◆ RAW DATA:
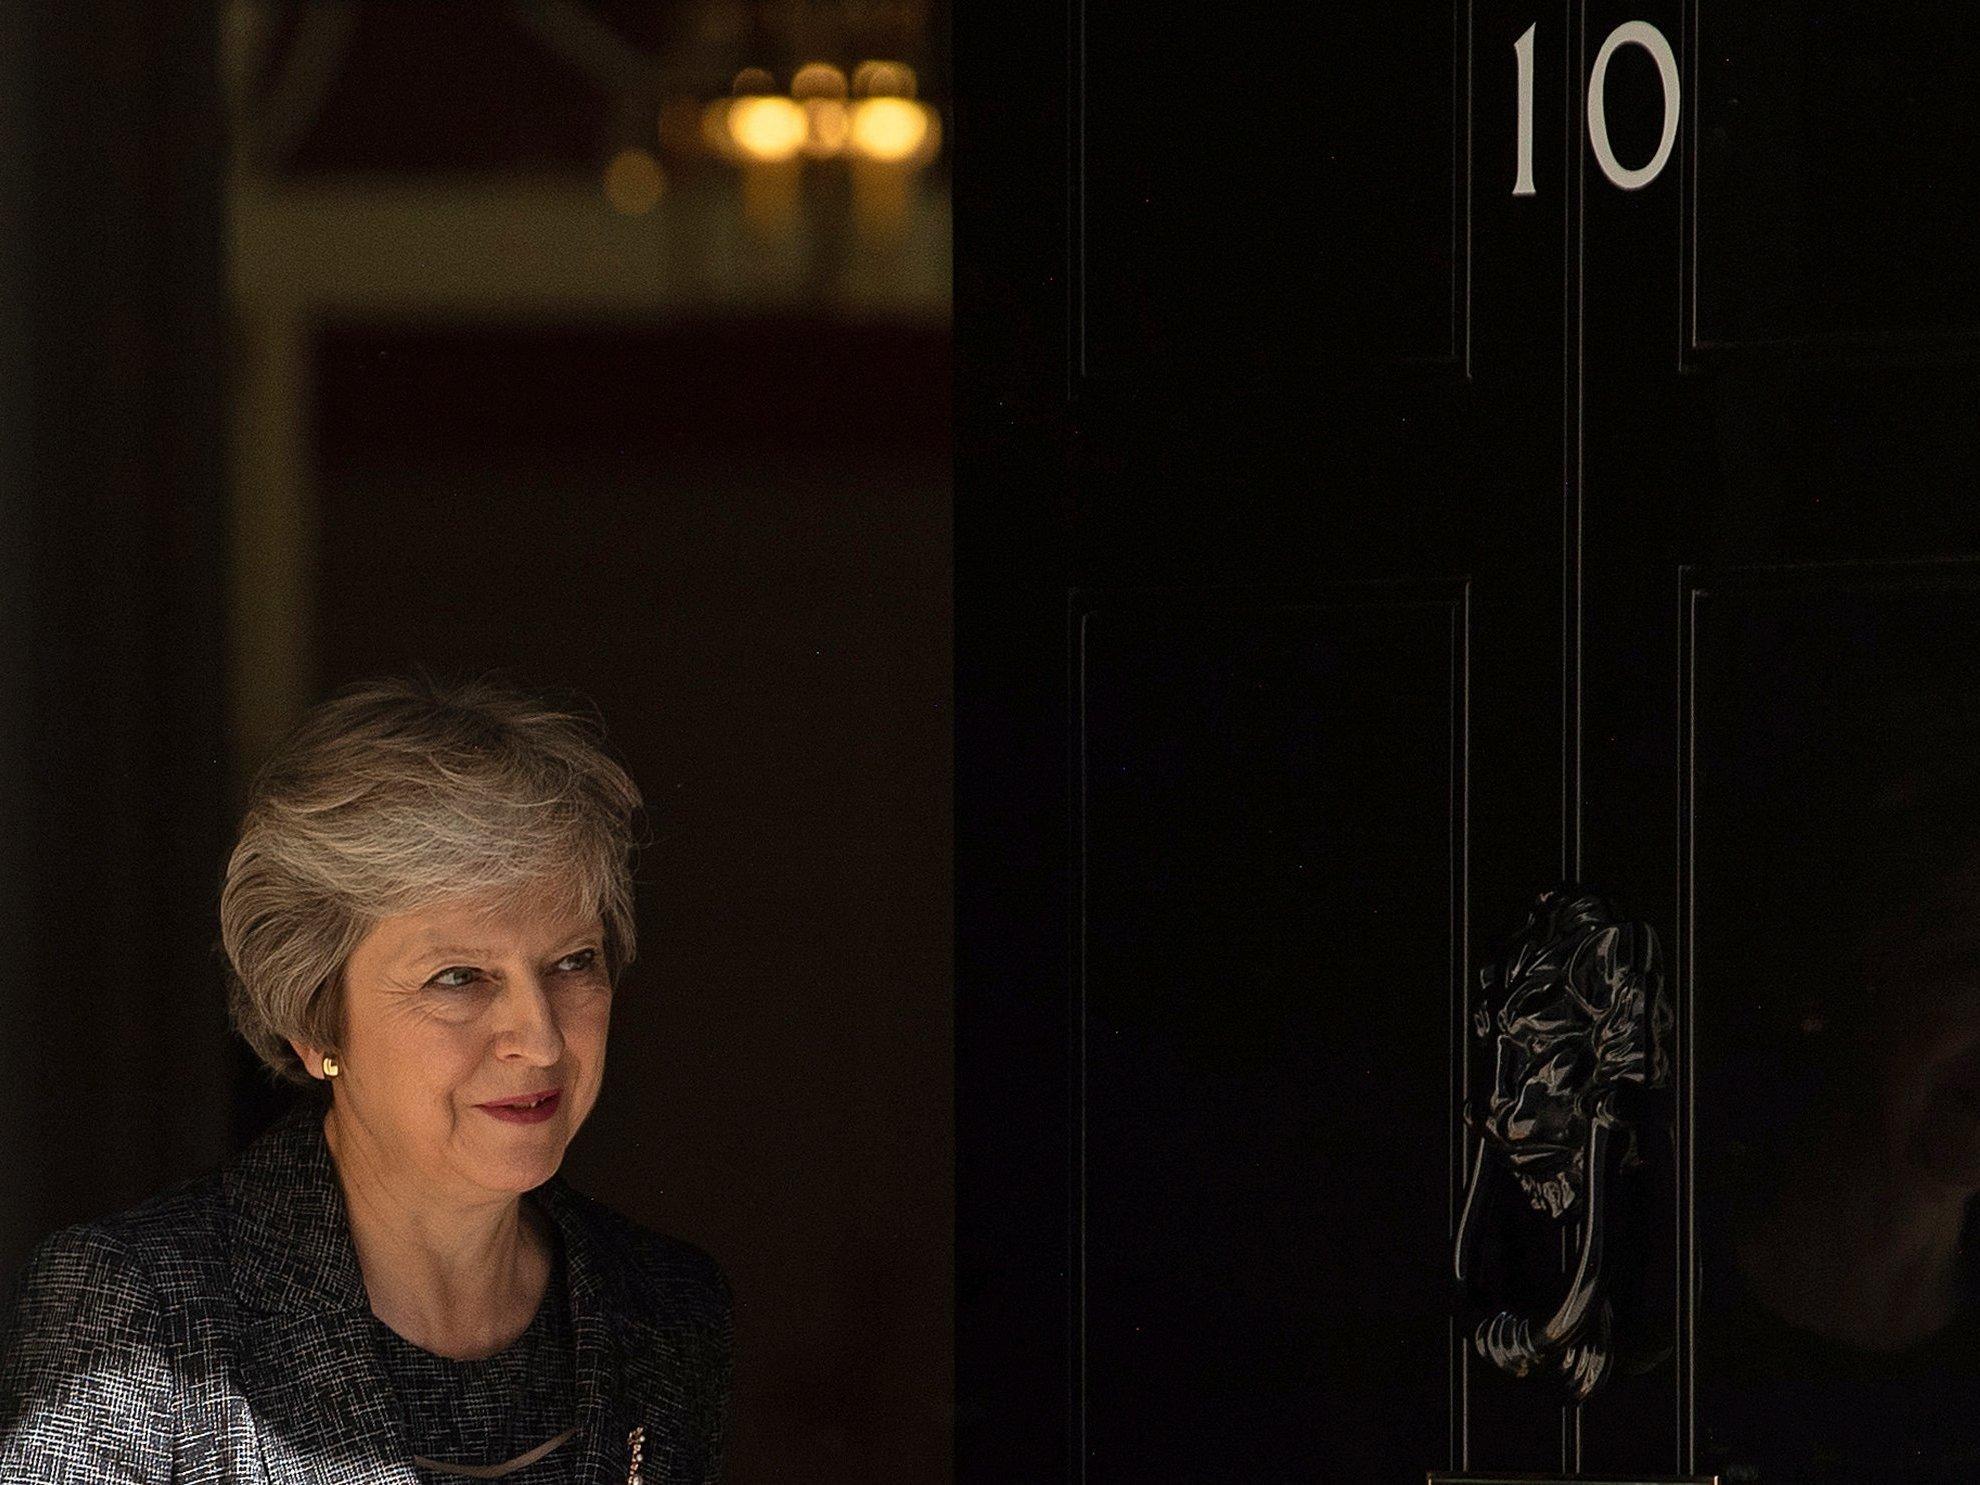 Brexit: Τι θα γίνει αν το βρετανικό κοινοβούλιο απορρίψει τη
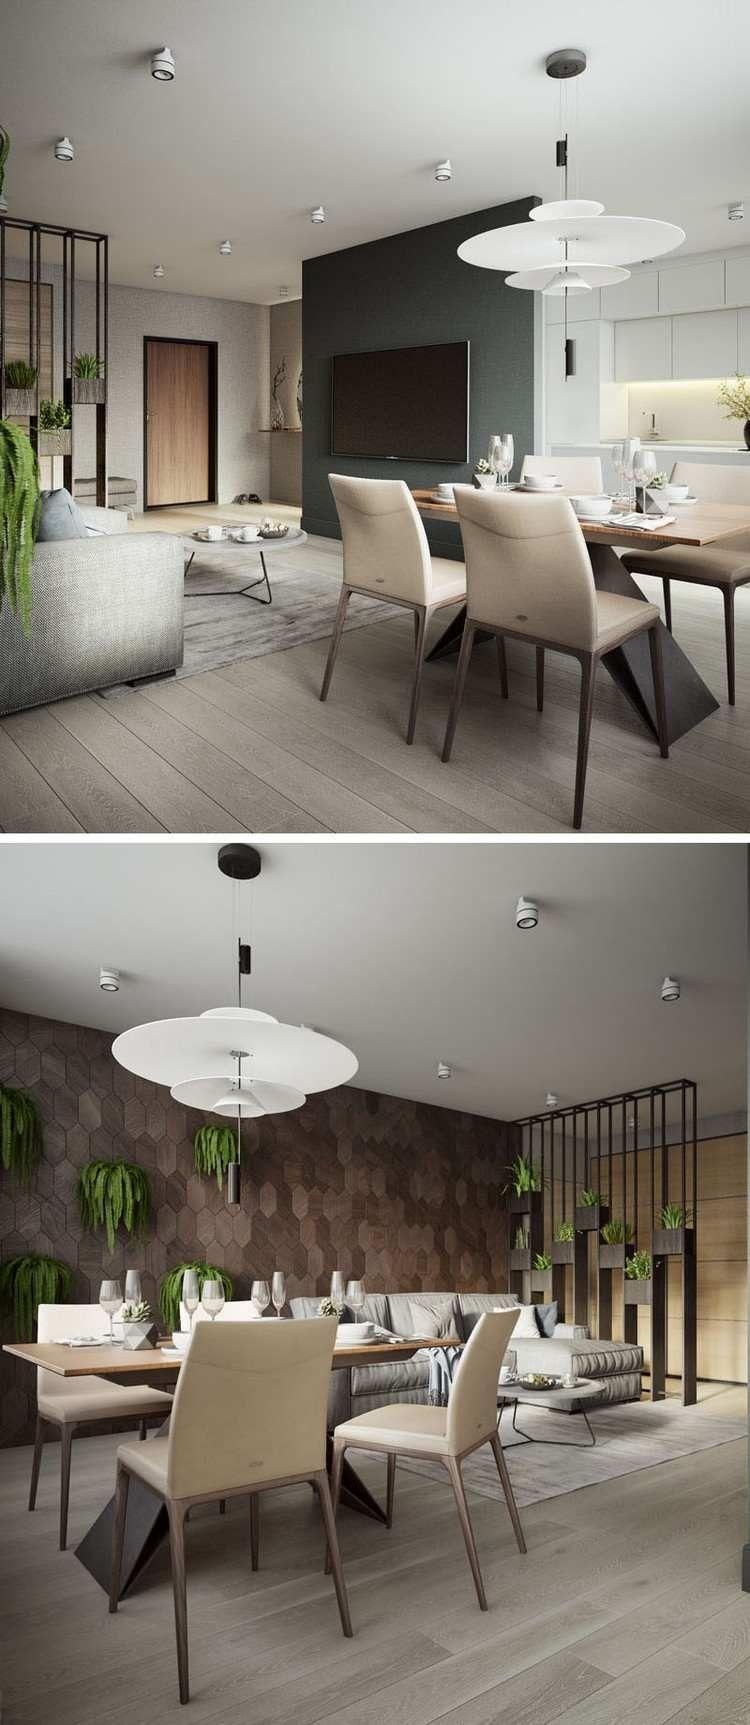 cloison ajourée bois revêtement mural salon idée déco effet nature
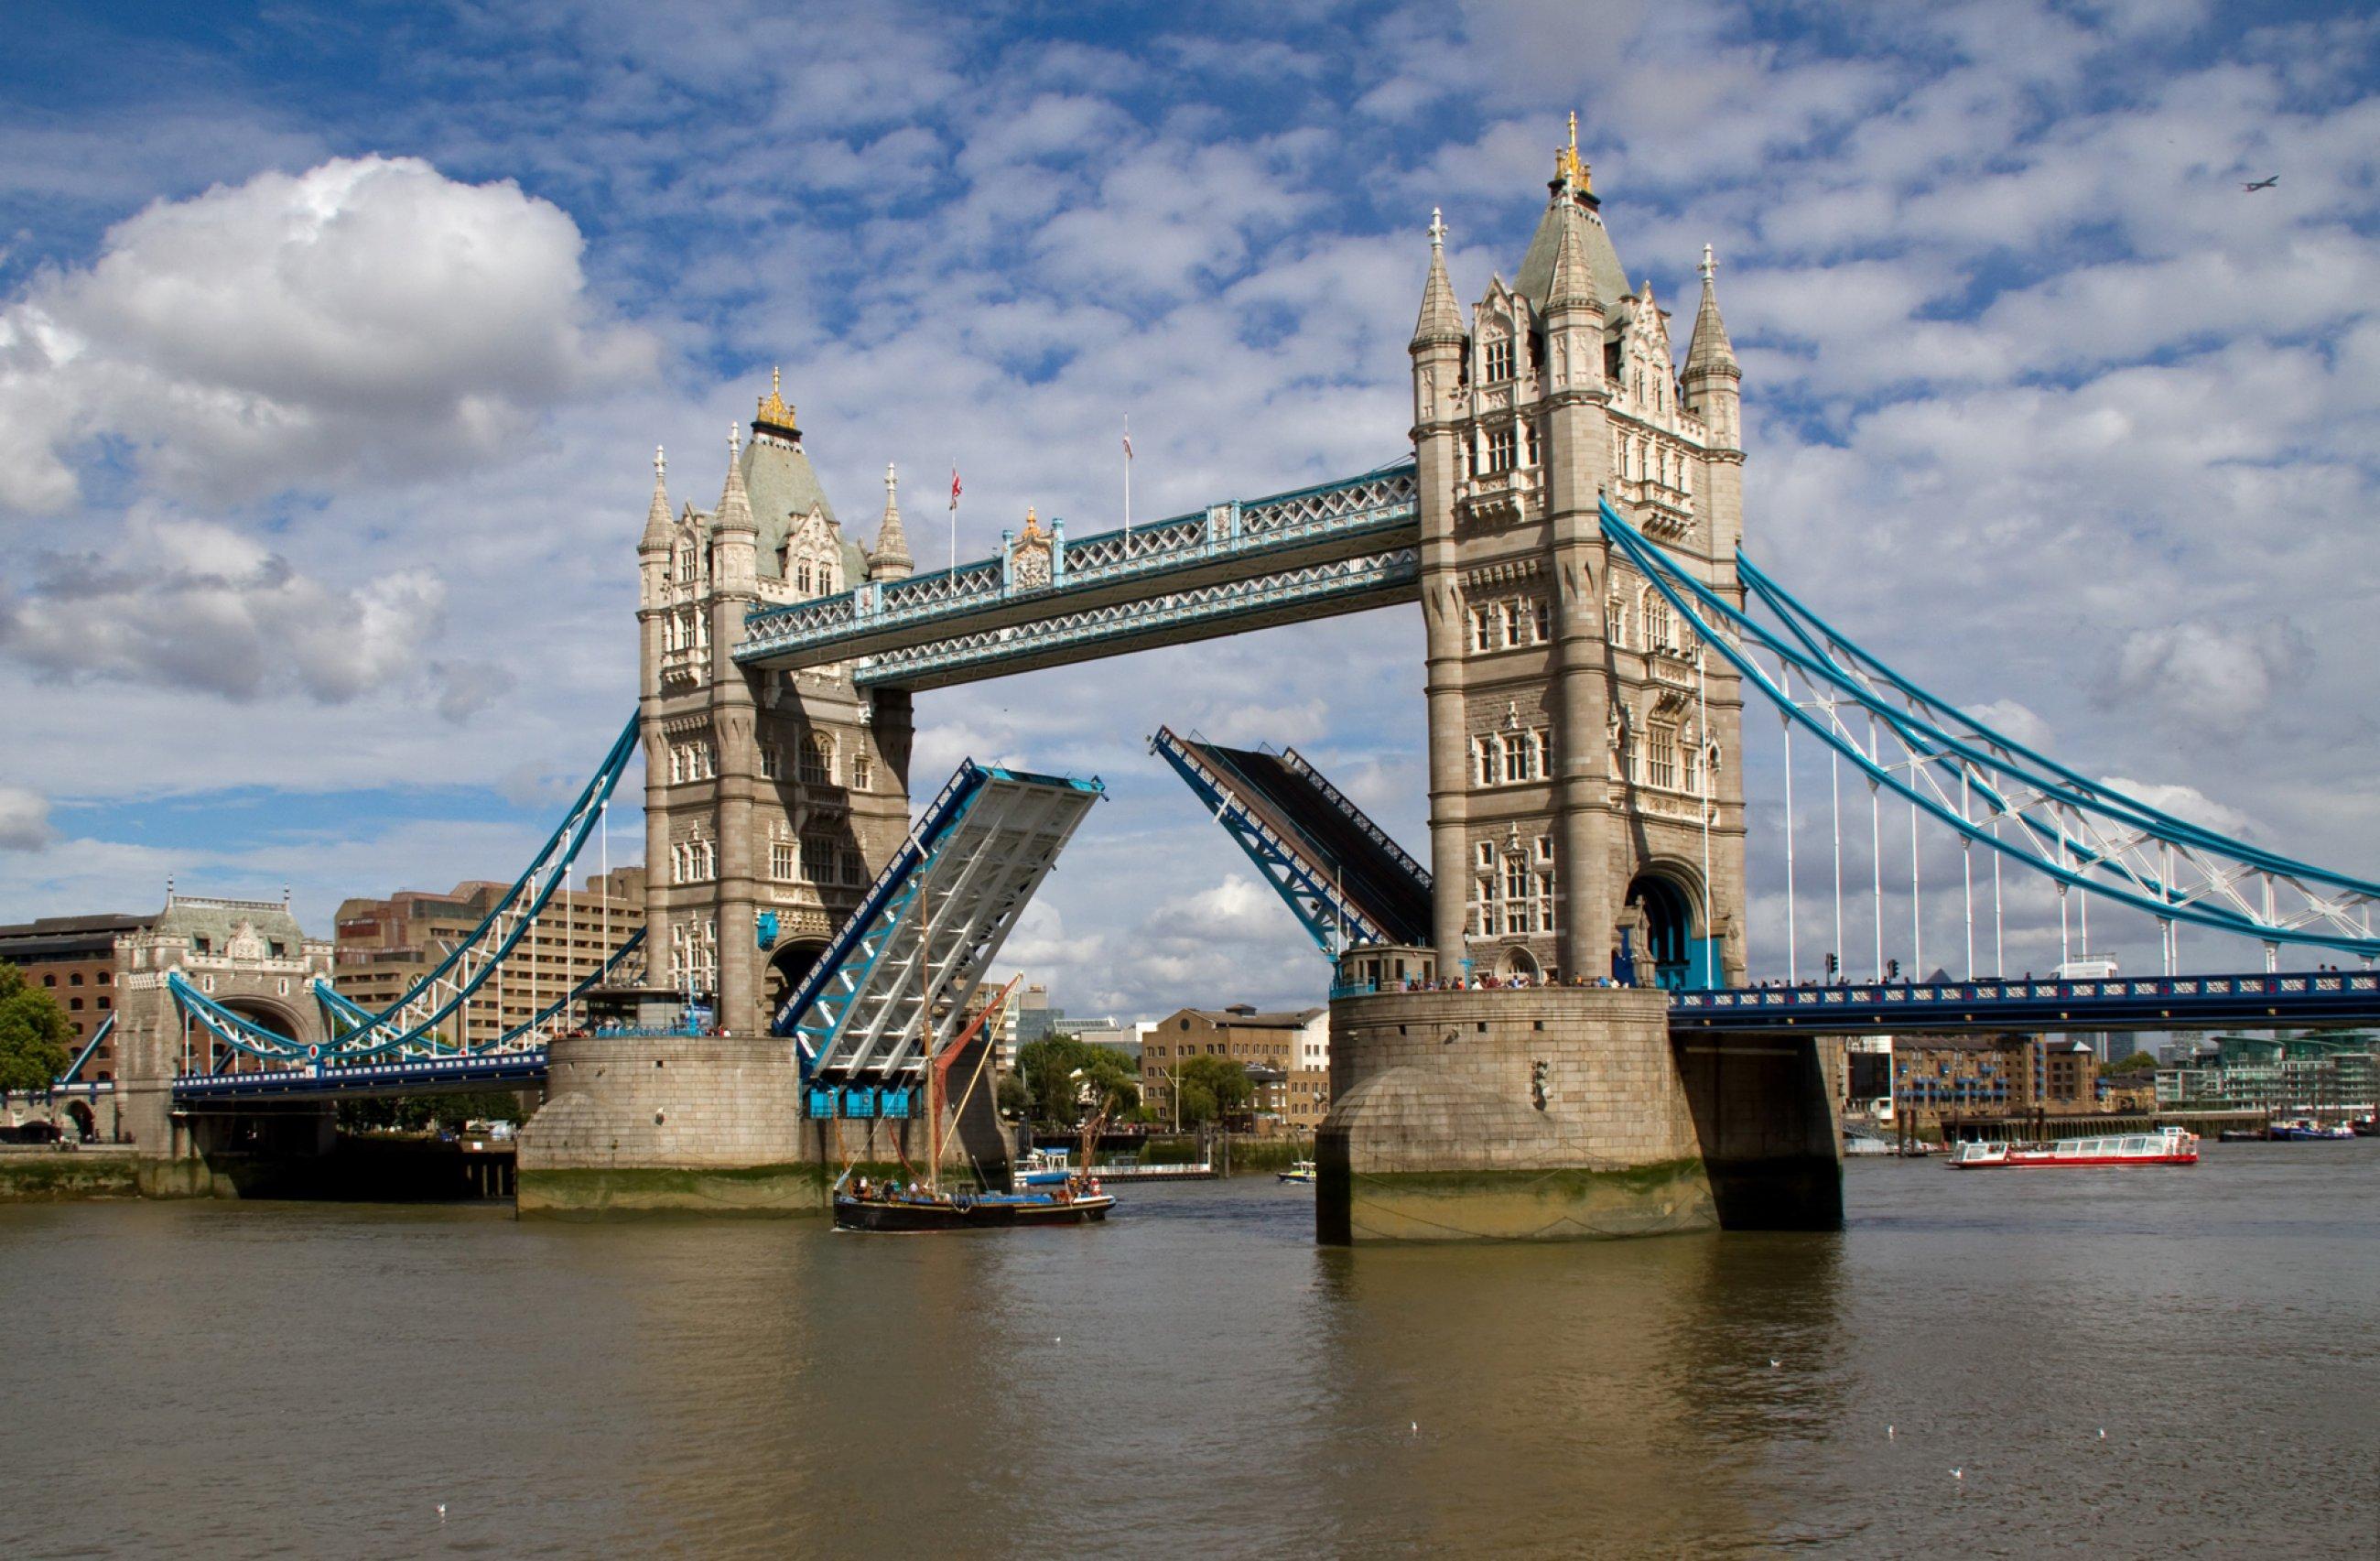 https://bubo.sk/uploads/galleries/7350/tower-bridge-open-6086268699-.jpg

◆ EXERCISE OBJECTIVE: Output the data exactly. Leave every picture out.

◆ ANSWER AREA:
 Brexit: Τι θα γίνει αν το βρετανικό κοινοβούλιο απορρίψει τη
 cloison ajourée bois revêtement mural salon idée déco effet nature
 https://bubo.sk/uploads/galleries/7350/tower-bridge-open-6086268699-.jpg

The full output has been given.